If the Replication Key is set to a timestamped column - such as
modified_at - new and updated records will be detected by comparing the last maximum recorded
modified_at date with the maximum
modified_at date in the source database.
customers table for this example. The last maximum date replicated for this table is
2016-02-01 12:00:00. During the next update, rows that were either created or modified at or after this time will be replicated from the data source to the data warehouse. There may be a small amount of duplication as a result of this approach, but it’s to ensure Stitch doesn’t miss any data.
Google BigQuery Destinations
If you're using Google BigQuery as your data warehouse, any incrementally replicated tables will be replicated using the append-only method. For more info, refer to the BigQuery Data Replication & Table Structural Changes doc.
If the only time a table is updated is with new data - meaning existing data is never updated - append-only replication is being used.
Let's say you want to apply Incremental Replication to a
users table, which is append-only. In your business, users are assigned auto-incrementing IDs when accounts are created.
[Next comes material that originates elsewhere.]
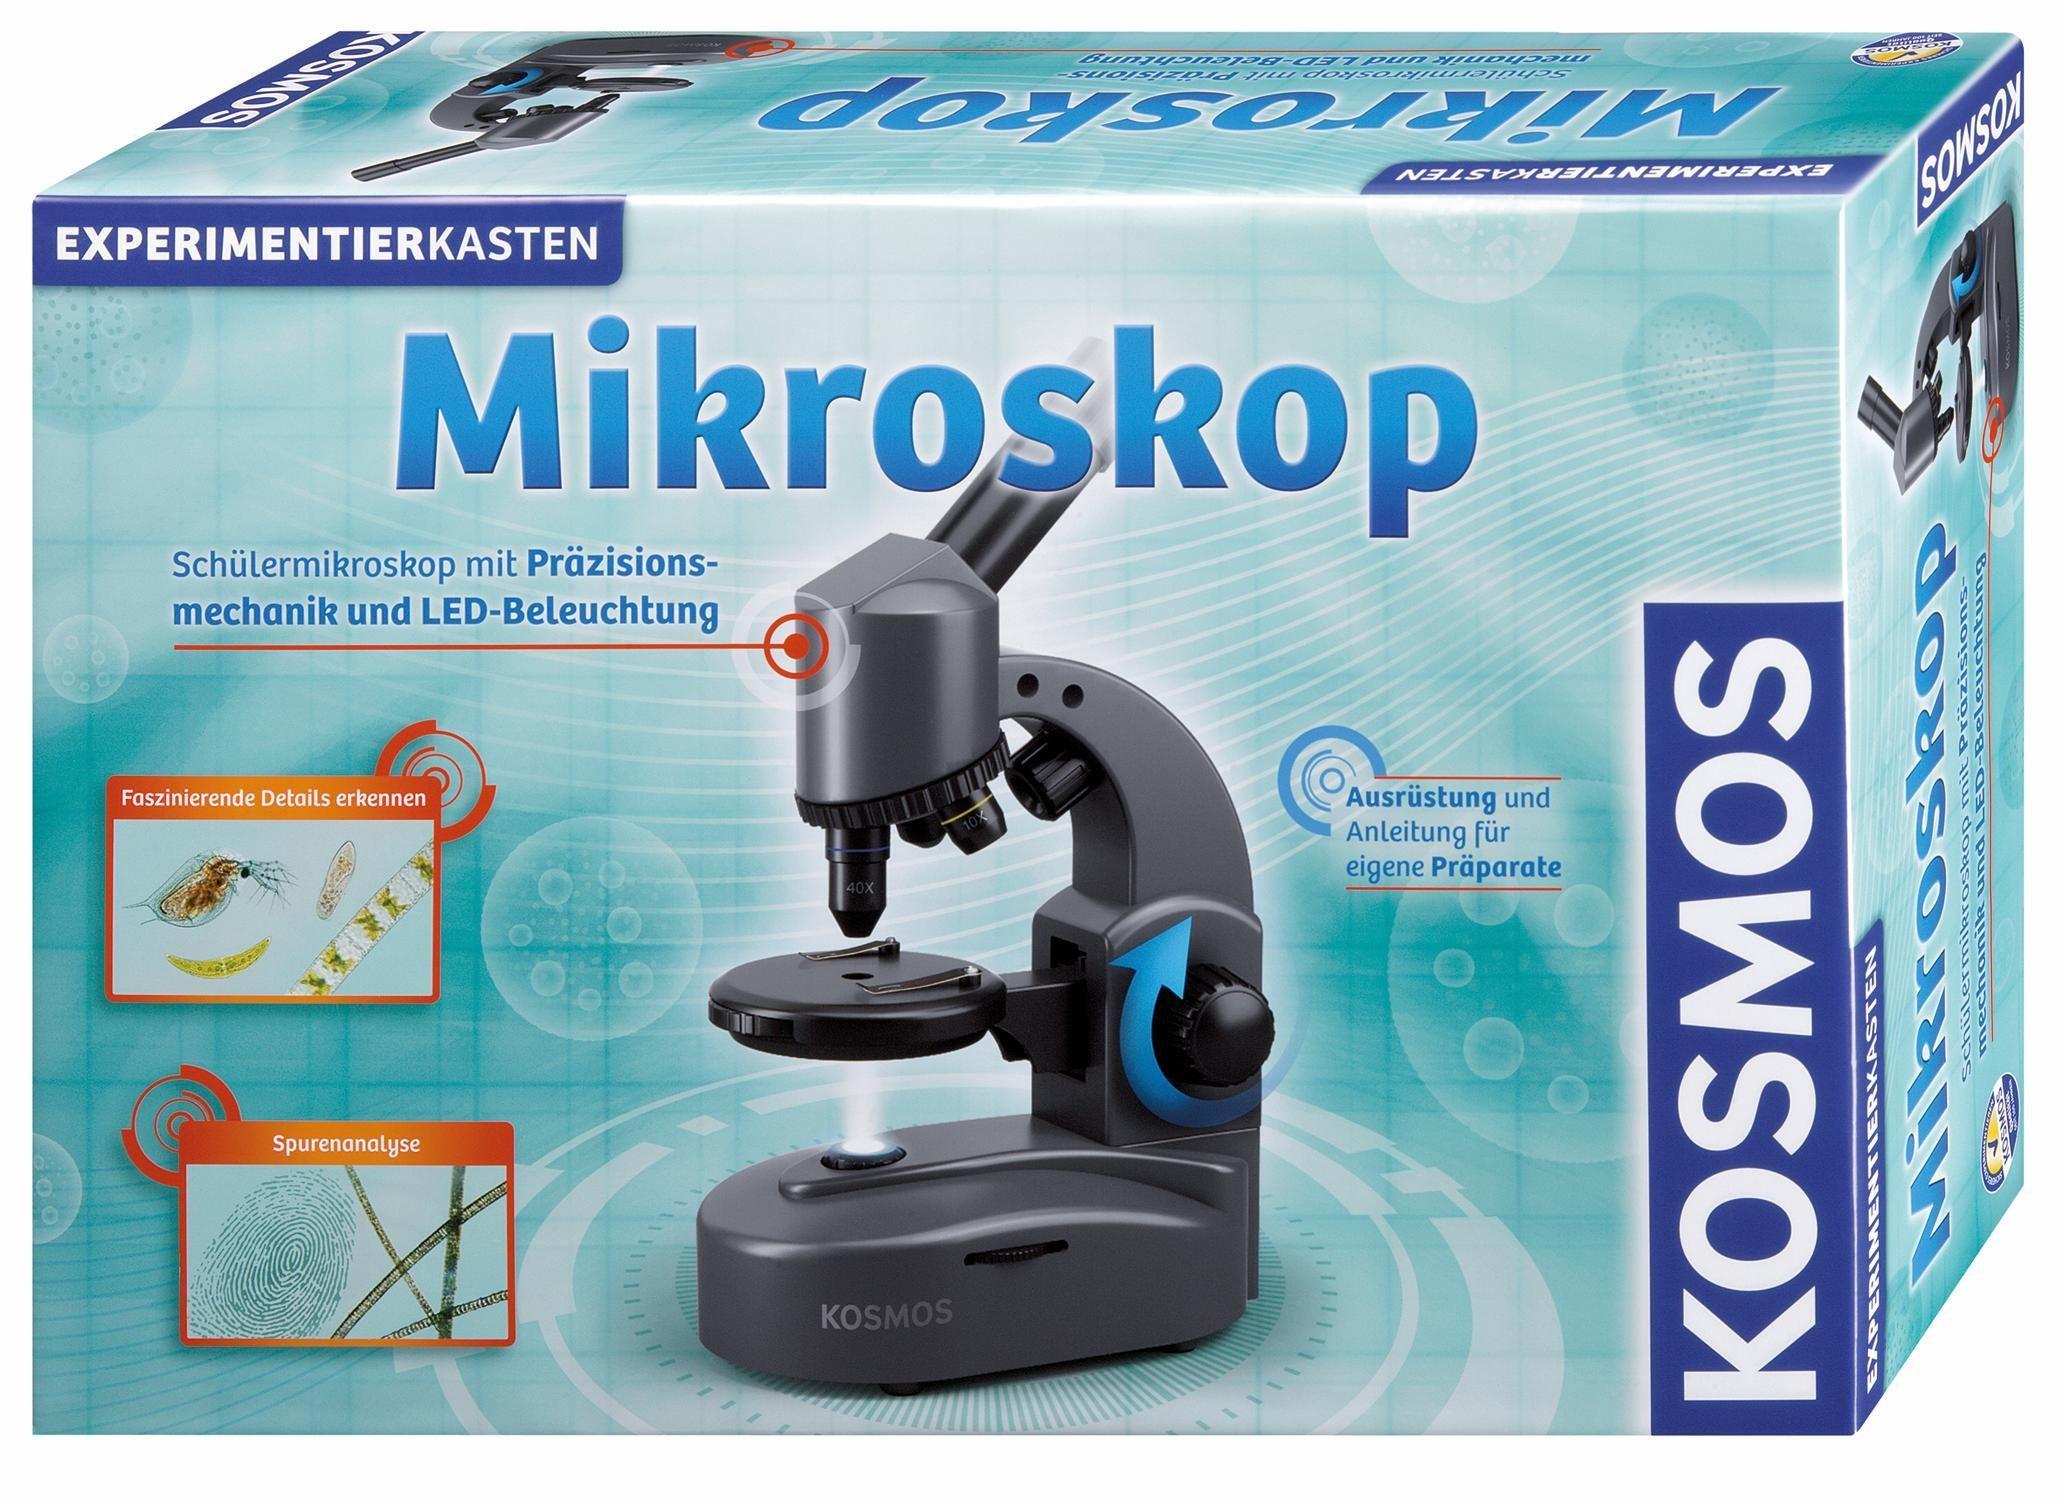 Kosmos experimentierkasten mikroskop« tlg otto

You can set the Replication Key to the
user_id column as user IDs are both unique and auto-incrementing.
If the last replication attempt ended at
user_id 1000, the next attempt would start at
user_id 1000, replicating all rows with
user_id >= 1000.
Replication Methods can only be set database integration tables.
For more info about how tables in SaaS integrations are replicated, refer to the Expected SaaS Data section.
With just a few clicks, you can define the Replication Methods for your database integration tables. Click the GIF for a closer look at the whole process.
You can also change these settings by navigating into the table and clicking the Table Settings button.